The event will be in the VFW parking lot, 518 S. 29th St. with the VFW rifle guard and honor guard.

-Messenger file photo
Army veteran Albert Habhab, left, and Air Force veteran Ray E. Crouse stand during the 2019 Memorial Day observance in the auditorium at St. Edmond High School. Habhab, who was mayor of Fort Dodge and later chief judge of the Iowa Court of Appeals, served in the 87th Infantry Division during World War II. Crouse was an Air Force pilot from 1950 to 1954.

The American flag will be raised and then lowered to half-staff.

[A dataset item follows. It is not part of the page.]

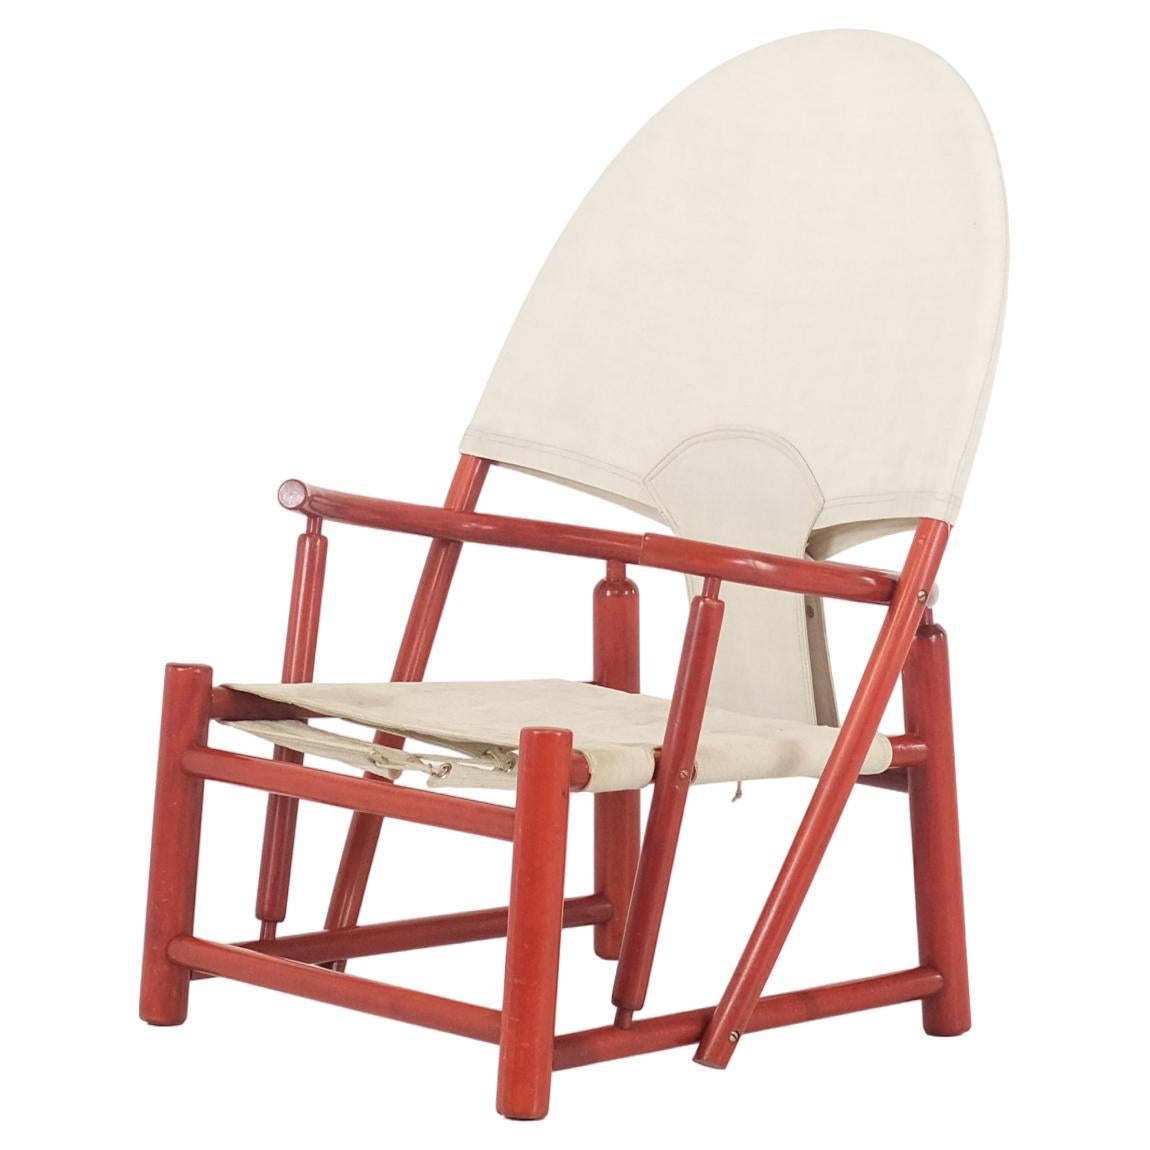 Hoop Chair by Piero Palange & Werther Toffoloni for Germa - 1970s For Sale

The seven-member rifle guard will fire three volleys before a bugler plays taps, like what the rifle guard and honor guard would do at a military or veteran funeral.

“That’s usually what we’d normally do at all these other ceremonies, but we wanted to do something even if we weren’t having a larger ceremony,” Lennon said. “And we know a lot of the at-risk people are the ones that would come out to Badger Lake.”

Lennon said the local American Legion and Marine Corps League are also invited to send representatives to the small event, so long as social distancing can be maintained.

“It’s a tradition that I don’t think we want to see it end,” he said. “I think with doing precautions, it’s just something we owe the veterans and this is something that is done every year to honor the veterans that have passed away.”

Later on Monday afternoon, Lennon said, the honor guard and rifle guard will do the same thing for a small family memorial service at Veterans Memorial Park in honor of veteran Richard Merrill, who died in April.

-Messenger file photo
Roger Simonson leads the Veterans of Foreign Wars Post 1856 Honor Guard into the St. Edmond High School auditorium for the Memorial Day observance.

Typically, at the Fort Dodge Memorial Day ceremony every year, names of Webster County veterans who had died in the past year are read along with a drumroll before taps plays. This year, Webster County Veterans Affairs Director Dan Lewandowski will do a recording of all the names, which will be played on air at local radio stations over the weekend.

Even with the COVID-19 pandemic, Lennon said he felt it was important to have some sort of Memorial Day service this year to honor the service and sacrifice of military men and women and veterans.

“I think it’s important to keep it going, even if it’s on a modified scale,” he said.